Location
- 90 Pleasant View Avenue Smithfield, Rhode Island 02828 United States 41°52′50″N 71°32′40″W﻿ / ﻿41.8806°N 71.5445°W

Information
- Type: Public
- Established: 1966
- School district: Smithfield School District
- Teaching staff: 63.00 (on an FTE basis)
- Grades: 9 to 12
- Enrollment: 750 (2023–2024)
- Student to teacher ratio: 11.90
- Colors: Green and Gold
- Mascot: Sentinel
- Website: SHS website

= Smithfield High School (Rhode Island) =

Smithfield High School is a public high school located in the Apple Valley section of Smithfield, Rhode Island, near Greenville, Rhode Island, USA (in Providence County). The school, which opened in 1966, was designed by architect Joseph M. Mosher. Prior to its opening, Smithfield students generally attended high schools in Providence or North Providence. It is the only public high school in the Town of Smithfield. High School graduation ceremonies are typically held at nearby Bryant University, but more recently at the nearby sports complex and playground, Deerfield Park. In 2006, the school was ranked 17th out of 52 high schools in Rhode Island.

==Athletics==
Smithfield High School's mascot is the Sentinel, and its school colors are green and gold. The school's athletic teams compete in the Rhode Island Interscholastic League, which includes most public and private high schools in the state.

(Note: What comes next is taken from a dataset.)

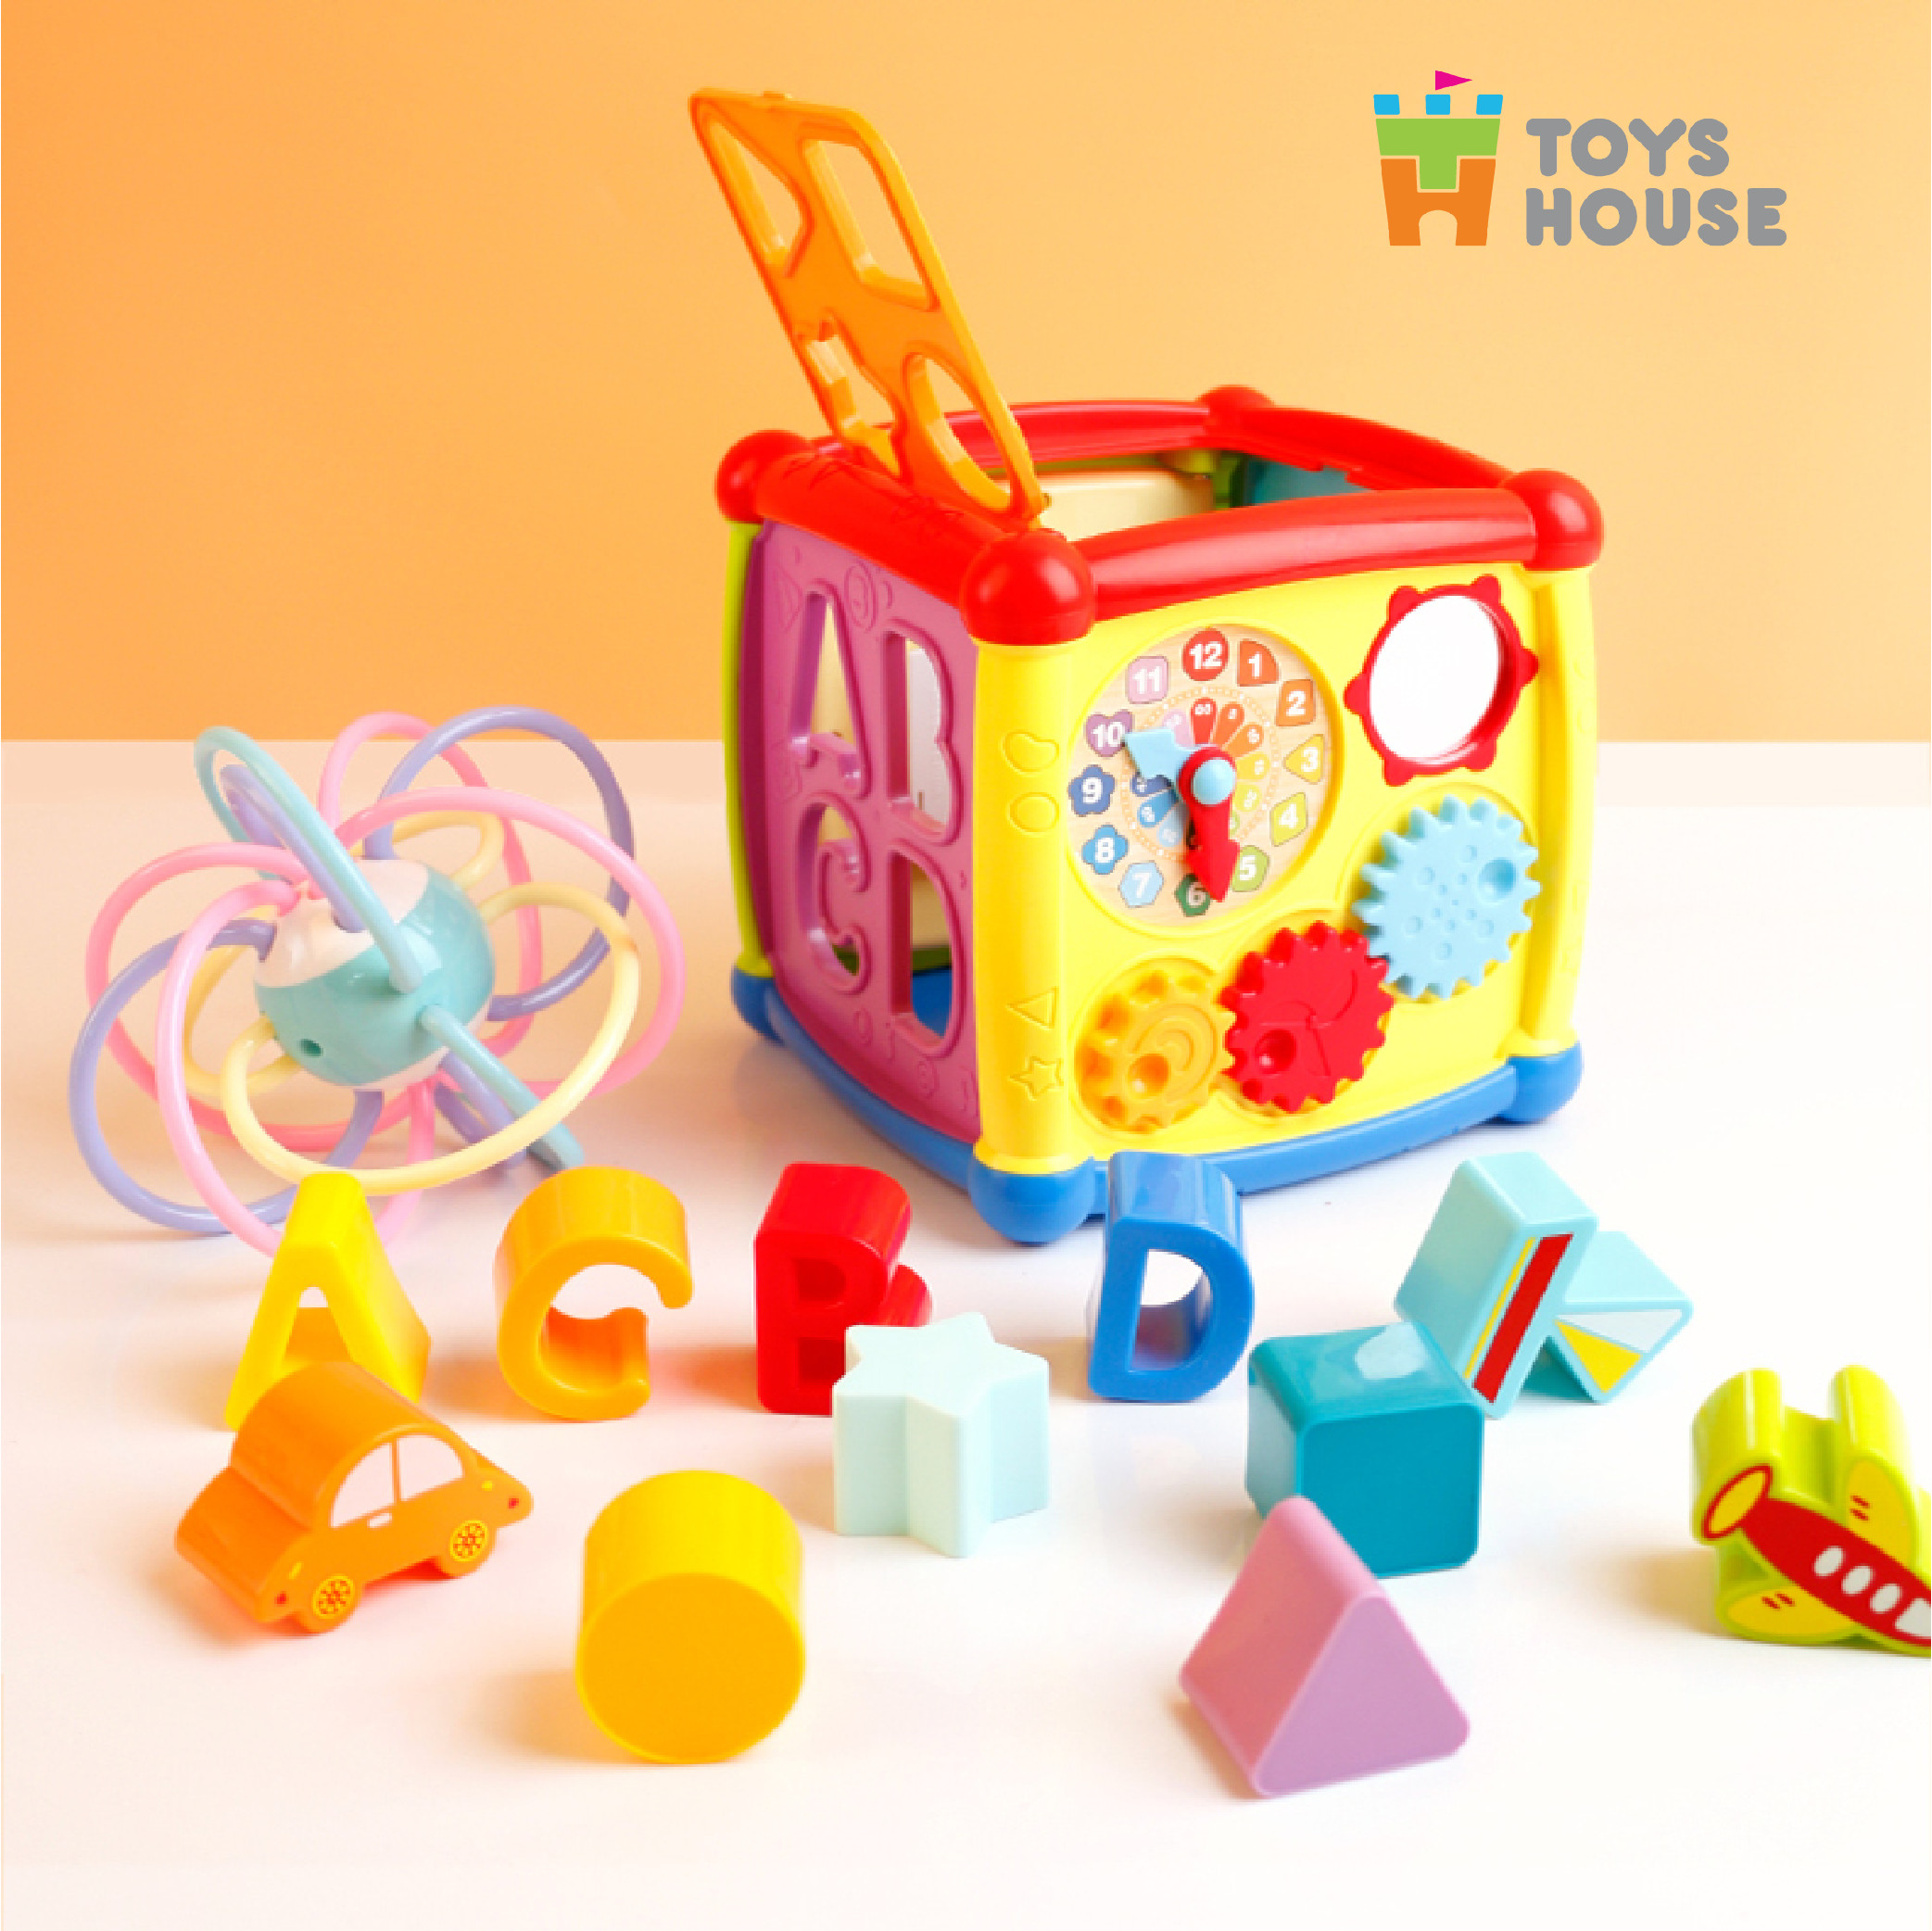 Hộp lập phương thả khối có đàn nhạc - đồ chơi giáo dục cho bé ToysHouse HE0520

=== 2025 hazing and antisemitic incident in football program ===
On September 30, 2025, five senior members of the Smithfield High School football team were accused of hazing a Jewish freshman teammate. According to reports, the older players allegedly locked the student in a locker-room bathroom, sprayed Lysol through a vent in the door, and shouted antisemitic slurs.

An initial school investigation found “inappropriate conduct,” and the players were suspended for the remainder of the season. However, on or around October 22, the students were reinstated. Superintendent Dawn Bartz stated that the “disciplinary process has concluded” and that the district would not discuss student-specific outcomes.

The reinstatement drew criticism from the Jewish Alliance of Greater Rhode Island and the Sandra Bornstein Holocaust Education Center, which held a joint press conference calling for transparency, a formal apology, and mandatory anti-bias education for students and staff.

On November 5, 2025, the Smithfield School Committee placed Superintendent Bartz on paid administrative leave and hired the law firm Brennan, Scungio & Kresge to conduct an external review of the district’s handling of the incident. The Rhode Island Attorney General’s Office also opened a civil rights review, requesting district records including communication logs, policies, and investigative documentation, with a production deadline of November 13, 2025.

Town Manager Robert Seltzer issued a public statement affirming that the town “does not condone antisemitism or any form of discrimination.”